Elles gouttent de mon coude sur mes cuisses.
Je les sens qui viennent me frapper de leur enveloppe huileuse.
Je ne cherche pas forcément à
mettre fin à mes jours, mais si cette expérience
doit me mener à la mort, ce sera sans doute une délivrance
inespérée. Je n’ai pas peur de mourir. La
mort est une noble tâche. Pour ceux de mon espèce,
elle n’est pas donnée, elle est à faire.
Il y a une ampoule qui brille de façon
funeste au plafond, pendue, seule au bout de son fil électrique
légèrement dénudé. Elle projette
un cercle de lumière blafard sur le plafond décati.

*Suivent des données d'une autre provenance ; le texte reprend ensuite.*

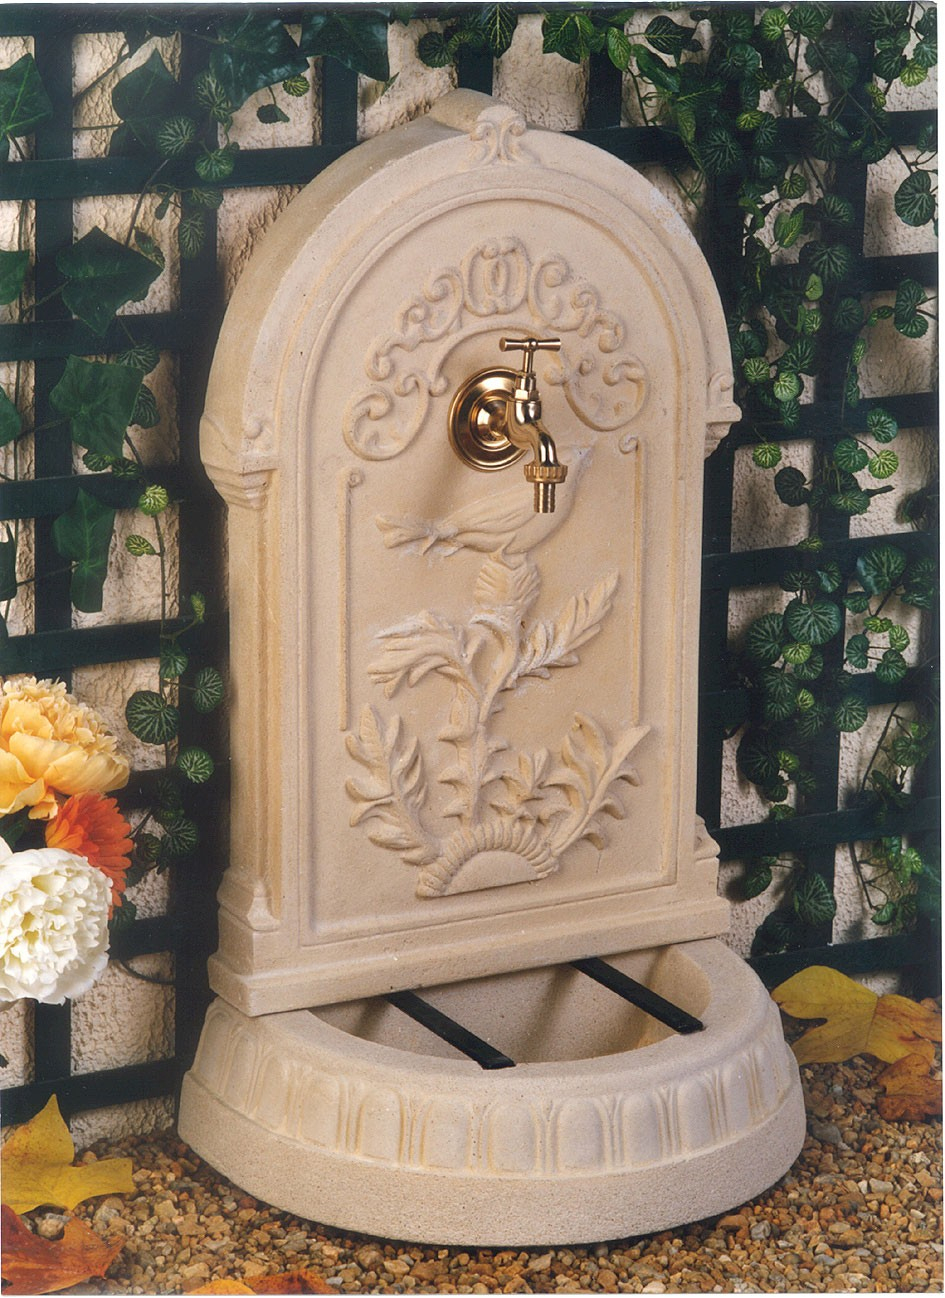 Fontaine De Jardin En Pierre Reconstituée Primevère 45 X 30 X 75 Cm à Fontaine De Jardin En Pierre Reconstituée

Je la contemple un moment. Je réalise que nous nous ressemblons
elle et moi.
J’étais faite pour rayonner et
inspirer le meilleur aux hommes, or mon incapacité à
sombrer dans l’oubli m’a broyée jusqu’à
la moelle, a tué dans mon sein les merveilles qui s’apprêtaient
à naître et je n’ai plus rien à donner…
Hormis ce sang qui coule de ma cuisse vers la terre stérile
de ce monde.
Peut-être que ce liquide, s’il
est encore fertile, pourra ensemencer ce sol et inoculer par
ricochet un peu d’imprévu et de magie dans l’uniformité
méprisante qu’est devenue l’humanité.
Les
Hommes, ces pauvres créatures à la compréhension
si limitée, m’accusent d’avoir tué
tous mes enfants. Quel crime atroce ! Quelle ignominie !
Je vois les choses d’une toute autre
façon. C’étaient mes filles, elles m’appartenaient.
Je
leur ai repris ce que je leur avais donné, c’était
mon droit. Pour épancher ma rancœur, je dirais
qu’en plus mes accusateurs sont de mauvaise foi. Il
faut voir ce qu’ils en avaient fait… de mes
chefs-d’œuvre… mes milliers de rêves
devenus réalité… Ils les ont vidés
de leur beauté, laissés exsangue dans la plus
affreuse des indifférences. Mes filles n’auraient
pas pu survivre longtemps dans un tel néant artistique.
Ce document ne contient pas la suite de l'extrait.